A footman appeared, dressed in black. A thought flickered through Pitt’s mind that he had missed his vocation in life—nature had intended him for an undertaker.
“Yes—sir?” There was the barest hesitation as the man recognized one of the lower classes and immediately categorized him as someone who should have known well enough to go to the back door.
Pitt was long familiar with the look and was prepared for it. He had no time to waste with layers of relayed messages, and it was less cruel to tell the news once and plainly than ooze it little by little through the hierarchy of the servant’s hall.
“I am Inspector Pitt of the police. There has been an outrage with regard to the grave of the late Lord Augustus Fitzroy-Hammond,” he said soberly. “I would like to speak to Lady Fitzroy-Hammond, so that the matter can be closed as soon and as discreetly as possible.”
The footman was startled out of his funereal composure. “You—you had better come in!”
He stood back, and Pitt followed him, too oppressed by the interview ahead to be glad yet of the warmth.
The footman led him to the morning room and left him there, possibly to report the shattering news to the butler and pass him the burden of the next decision.
Pitt had not long to wait. Lady Fitzroy-Hammond came in, white-faced, and stopped when she was barely through the door. Pitt had been expecting someone considerably older; the corpse from the cab had seemed at least sixty, perhaps more, but this woman could not possibly be past her twenties. Even the black of mourning could not hide the color or texture of her skin, or the suppleness of her movement.
“You say there has been an—outrage, Mr.—?” she said quietly.
“Inspector Pitt, ma’am. Yes. I’m very sorry. Someone has opened the grave.” There was no pleasant way of saying it, no gentility to cover the ugliness. “But we have found a body, and we would like you to tell us if it is that of your late husband.”

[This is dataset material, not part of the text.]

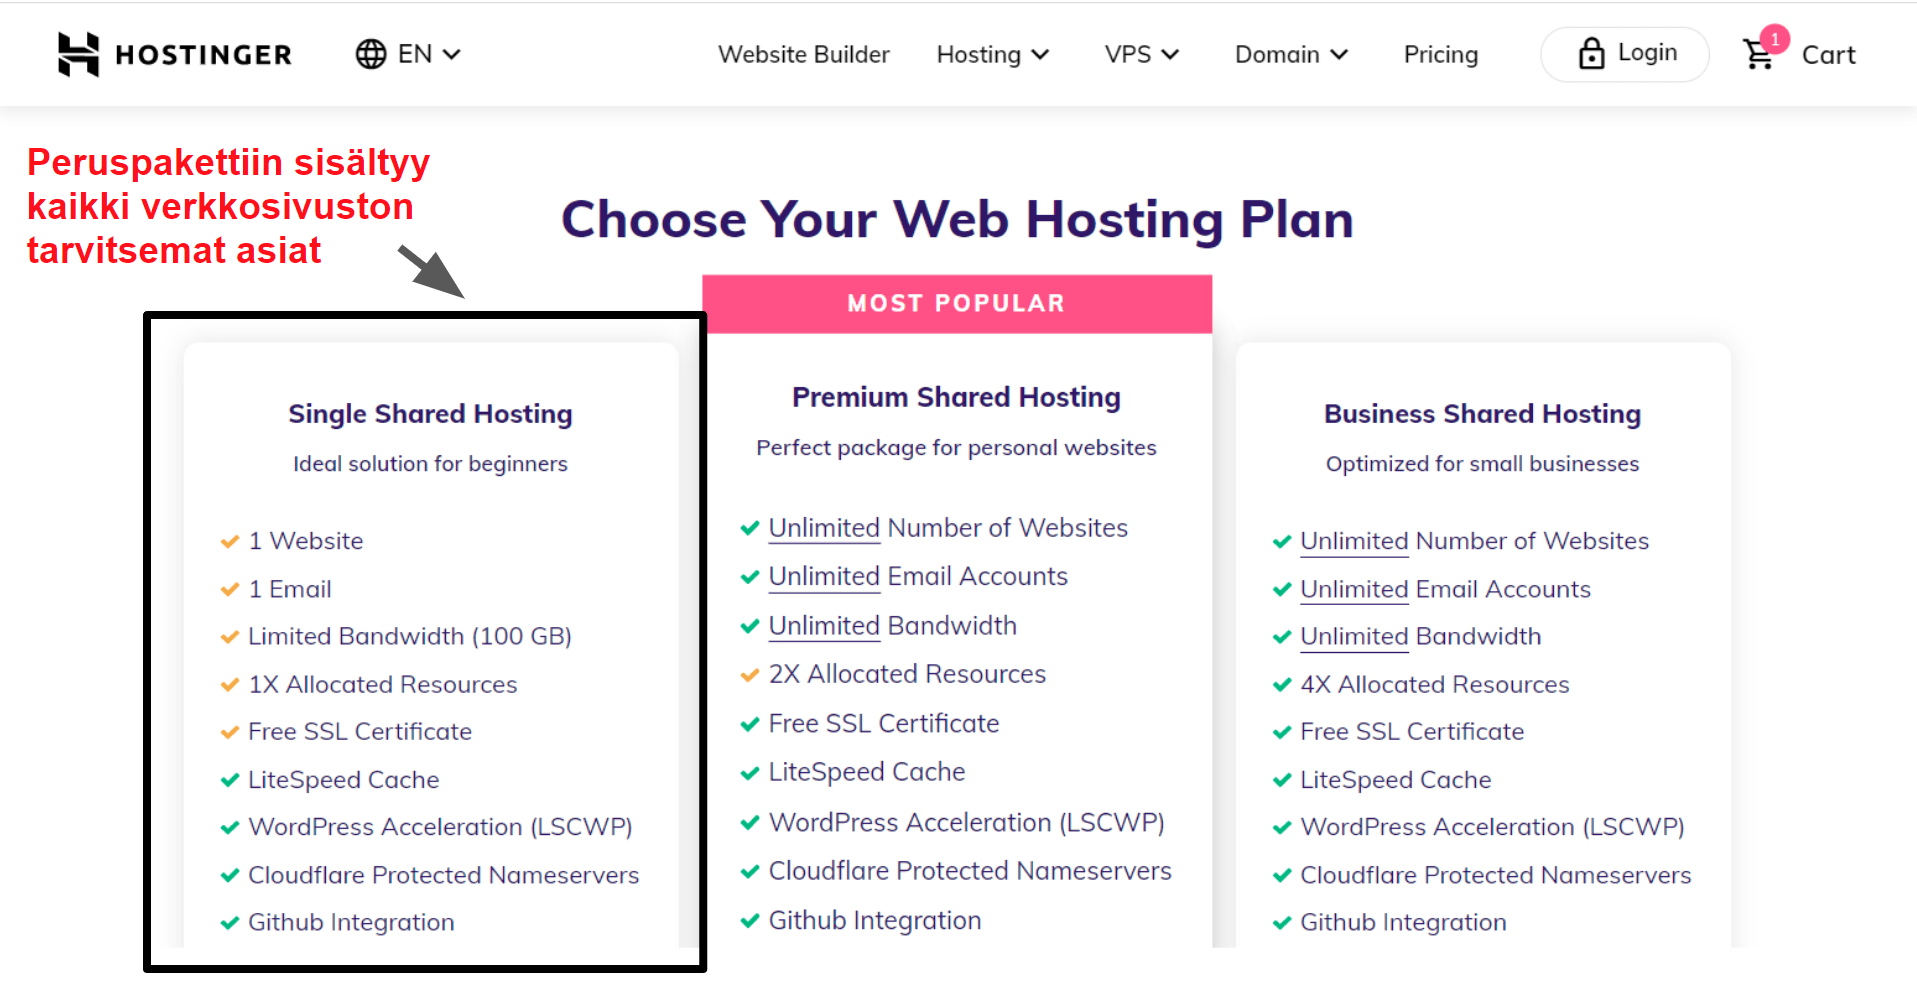 hosting plan features_FI

For a moment he thought she was going to faint. It was stupid of him; he should have waited until she was seated, perhaps even have sent for a maid to be with her. He stepped forward, thinking to catch her if she crumpled.
She looked at him with alarm, not understanding.
He stopped, aware of her physical fear.
“Can I call your maid for you?” he said quietly, putting his hands by his sides again.
“No.” She shook her head, then, controlling herself with an effort, she walked past him slowly to the sofa. “Thank you, I shall be perfectly all right.” She took a deep breath. “Is it really necessary that I should—?”
“Unless there is someone else of immediate family?” he replied, wishing he could have said otherwise. “Is there perhaps a brother or—” He nearly said “son,” then realized how tactless it would be. He did not know if she was a second wife. In fact, he had neglected to ask Gilthorpe the age of his lordship: Presumably Gilthorpe would not have brought the matter to him at all if he could not have been the man on the cab.
“No.” She shook her head. “There is only Verity—Lord Augustus’s daughter, and of course his mother, but she is elderly and something of an invalid. I must come. May I bring my maid with me?”